Highlights & Insights¶
- The discovery of the "Step Length Confounding" phenomenon is a major contribution: it reveals a systematic bias in LLM reasoning data selection that is widely overlooked but significant, with clear and reproducible explanations.
- The application of the causal debiasing framework is ingenious: by taking the first-token ratio as a confounder and using classic linear regression for causal debiasing, the method is both elegant and effective.
- Insights into "first token branching behavior" connect reasoning data selection with the understanding of the reasoning process.
Limitations & Future Work¶
- The linear regression assumes step length confounding is linear, potentially missing non-linear confounding effects.
- Step segmentation depends on "\n\n" or sentence boundaries; different segmentation methods may affect results.
- Only mathematical reasoning tasks were verified; the performance on other tasks like code reasoning or natural language reasoning remains unknown.

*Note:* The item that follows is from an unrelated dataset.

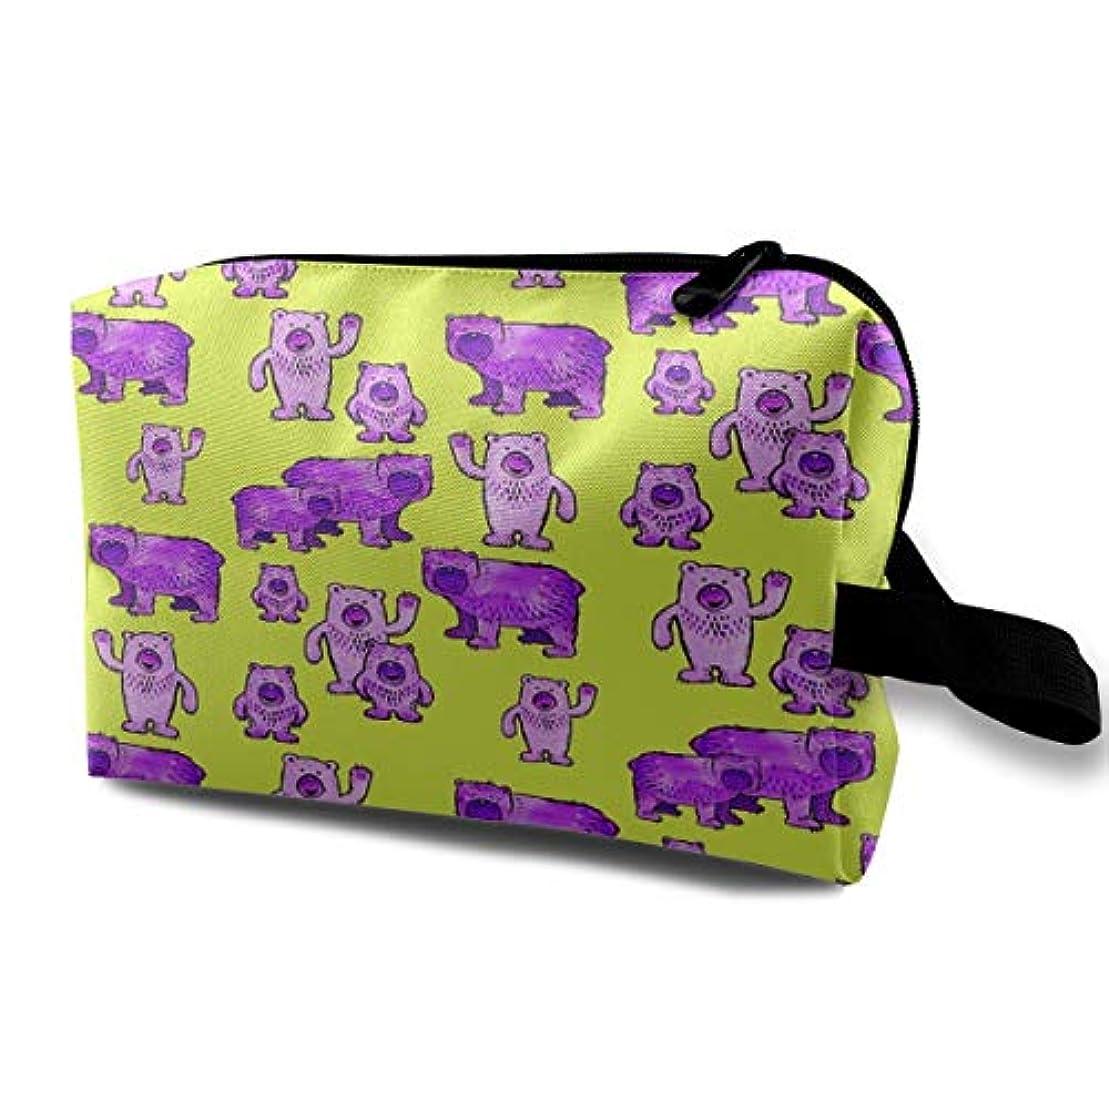 すべて地味な差別化するBears In Purple And Lime Green 収納ポーチ 化粧ポーチ 大容量 軽量 耐久性 ハンドル付持ち運び便利。入れ 自宅?出張?旅行?アウトドア撮影などに対応。メンズ レディース トラベルグッズ

- The "branching behavior" hypothesis of first tokens might not apply to all reasoning modes.
- Future work could explore incorporating step length information as a regularization target during training.
Related Work & Insights¶
- vs. GRACE / Local LP: These naturalness-based methods suffer from step length confounding; Aslec directly corrects this by intervening in first-token probabilities.
- vs. Heuristic Data Selection: Heuristic methods (correctness, difficulty, etc.) do not directly consider model fitness; Aslec removes bias while retaining the advantages of naturalness-based methods.
- vs. IFD / Deita: These methods use perplexity differences between models or reward model scores; they are orthogonal to naturalness-based methods.
Rating¶
- Novelty: ⭐⭐⭐⭐⭐ The discovery of step length confounding is a significant contribution; the causal debiasing method is concise and effective.
- Experimental Thoroughness: ⭐⭐⭐⭐ Verified across multiple models, datasets, and benchmarks with thorough analysis.
- Writing Quality: ⭐⭐⭐⭐⭐ The logical chain from problem diagnosis to causal analysis to solution is very clear.
- Value: ⭐⭐⭐⭐⭐ Directly and significantly impacts the practice of LLM reasoning data selection.